岸田政権の目玉「デジタル構想」は“金ナシ人ナシ”の絵に描いた餅か

 昨年9月1日の菅政権時代にデジタル庁が発足し、岸田政権になってからもデジタルと名の付く会議を2つ創設。その会議の1つで地方活性化の切り札と言われる「デジタル田園都市国家構想実現会議」が、年末の12月28日に施策の全体像をまとめた。それによれば、令和8年までに地方のデジタル人材を230万人育成との目標が定められた。このように行政のデジタル化は焦眉の急として推進の掛け声はだけはやたら大きいが、果たしてそんなにスムーズに実現するものなのか、各所から疑問の声が上がっている。

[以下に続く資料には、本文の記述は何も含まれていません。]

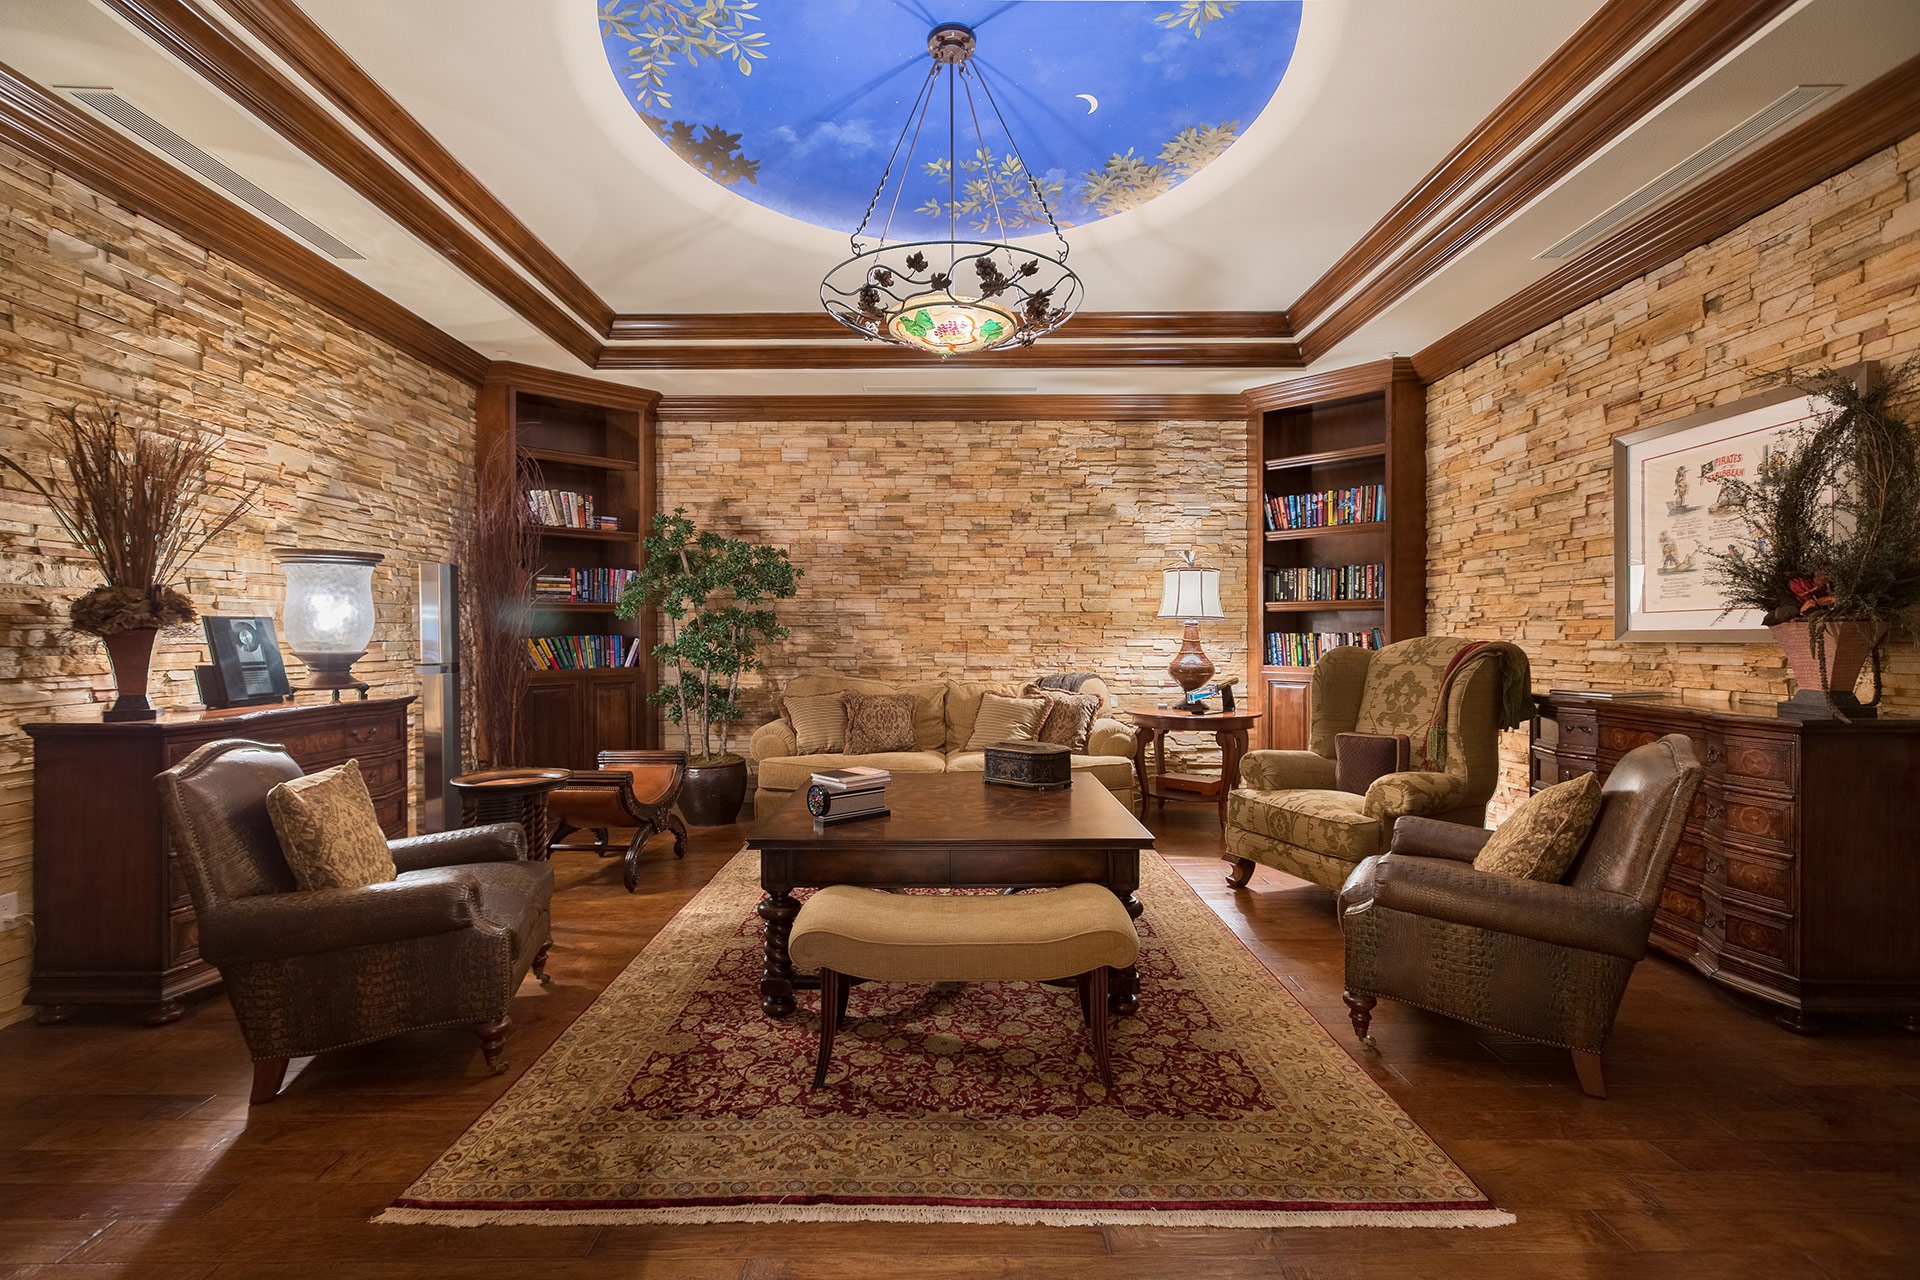 A dark, moody study with a recessed, blue and gold painted recessed medallion and chandelier on the ceiling, slate stone walls, 3 chairs, and dark-wood furniture.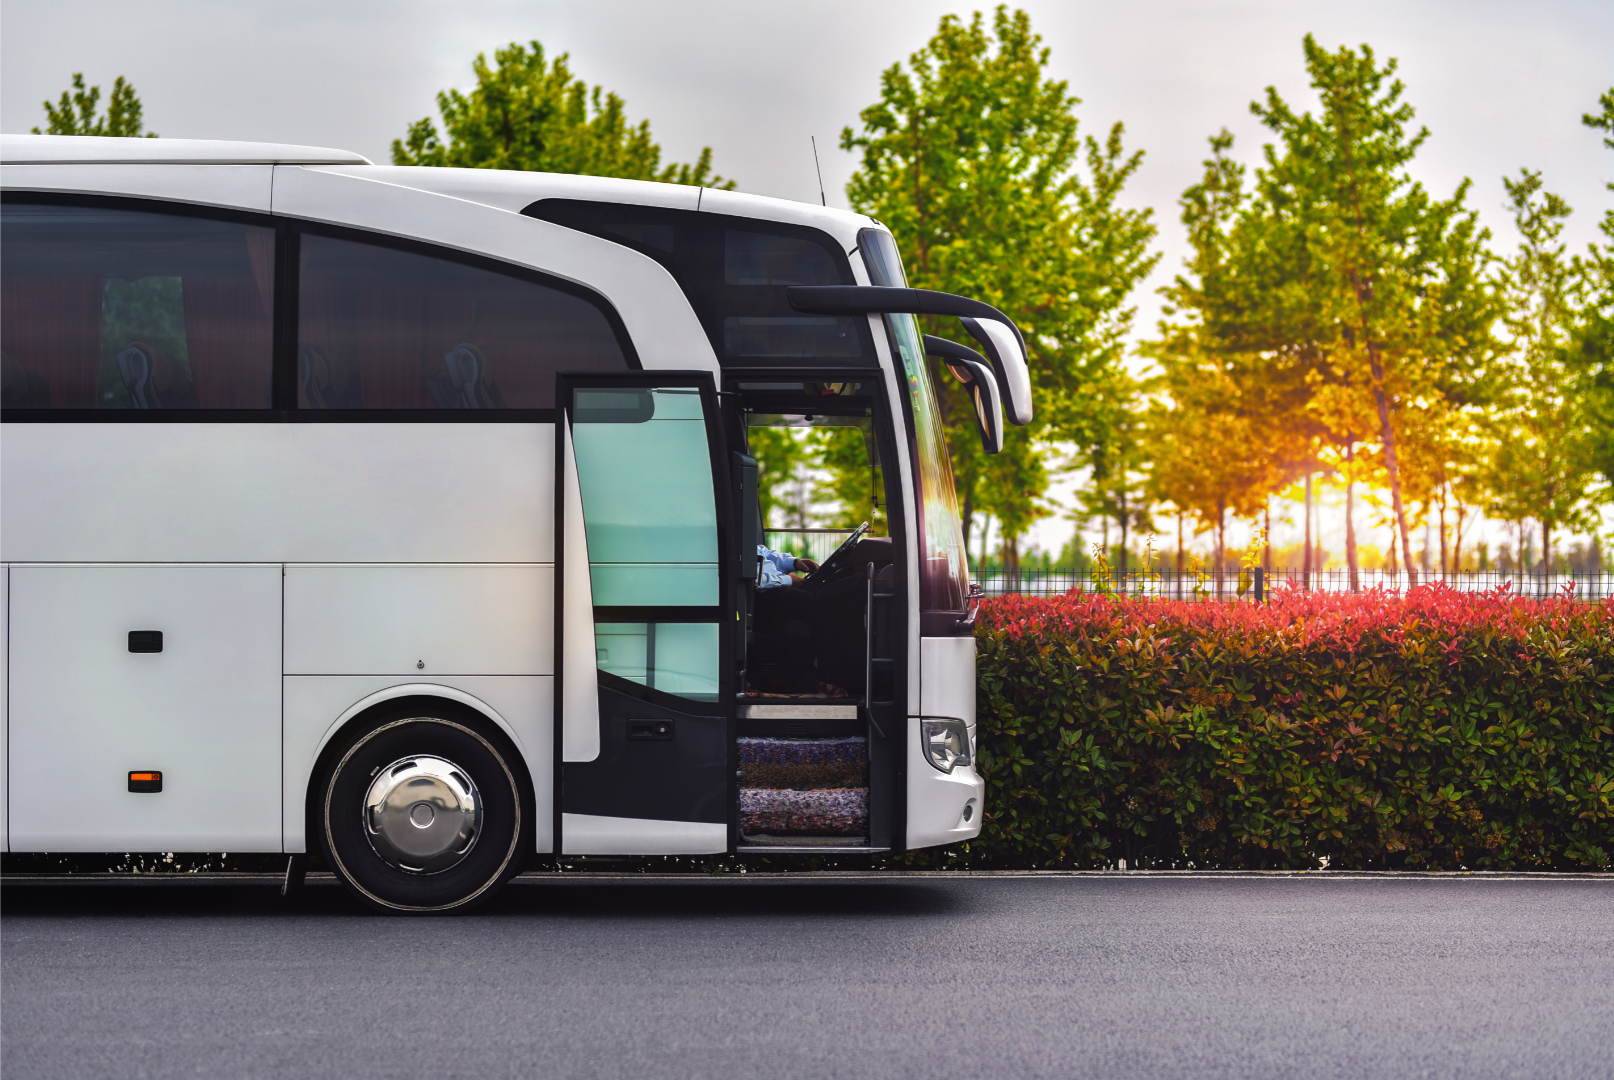 Bus rental is comfort and Convenience.

「今年に入って早々、大阪府がデジタル化業務の民営化を検討しているとの報道がありました。IT大手やベンチャーからなる10社ほどの企業と共同出資して新会社を立ち上げ、デジタルスキルのある出資企業の社員を出向で受け入れて、システムの運用や開発等を一元化。行政に不足していると言われるデジタルスキルを補いつつ蓄積しようというものです」(経済ジャーナリスト)

「身を切る改革」を旗印とし、、行政のコストカットで民営化できるものは民営化したがる“維新政権”下の大阪が検討しているこの案は、「民間活力の活用」と言えば聞こえは良いが、要は、今の地方自治体レベルでは自前のデジタル化は不可能という現実を示しているとも言える。なぜなら金がなければ人もいないからだ。
 
 昨年10月に総務省が行った都道府県アンケートによると、地方のDX化の課題として「財源の確保」が95.7%、「人材の確保」が44.7%を占めた。つまりはほぼ100%の自治体で金がないというのだ。では半数が課題とした「人材の確保」についてさらに見れば、「みつけられない」が83%、「適切な報酬が支払えない」が66%だった。金がない上に人もいない。いたとしても金は無いのだから雇えるわけもないだろう。結局はずっと同じことを言っているわけで、ないない尽くしの悪循環であることが分かる。

「先に国でスタートしたデジタル庁では、職員600人のうち200人が民間からという、霞が関の旧弊を破った異例の組織構成ということで注目されました。ところが中身を見ると、採用条件が週3日・非常勤職員という中途半端な上に非正規雇用という急ごしらえかつ上から目線の条件で、そんなことでまともな人材が集まるわけがないと言われました。経産省の試算でも、放っておいても令和12年にはIT人材が79万人不足すると言われる中、ポジションによっては年収1000万円を超える優秀なIT人材は民間で奪い合いの状態なわけで、現状のままではどうやって地方で230万人もの人材を確保するのか不明ですね」

 言うまでもなく、デジタル化は岸田政権の目玉政策の1つ。絵に描いた餅で終わらなければ良いのだが。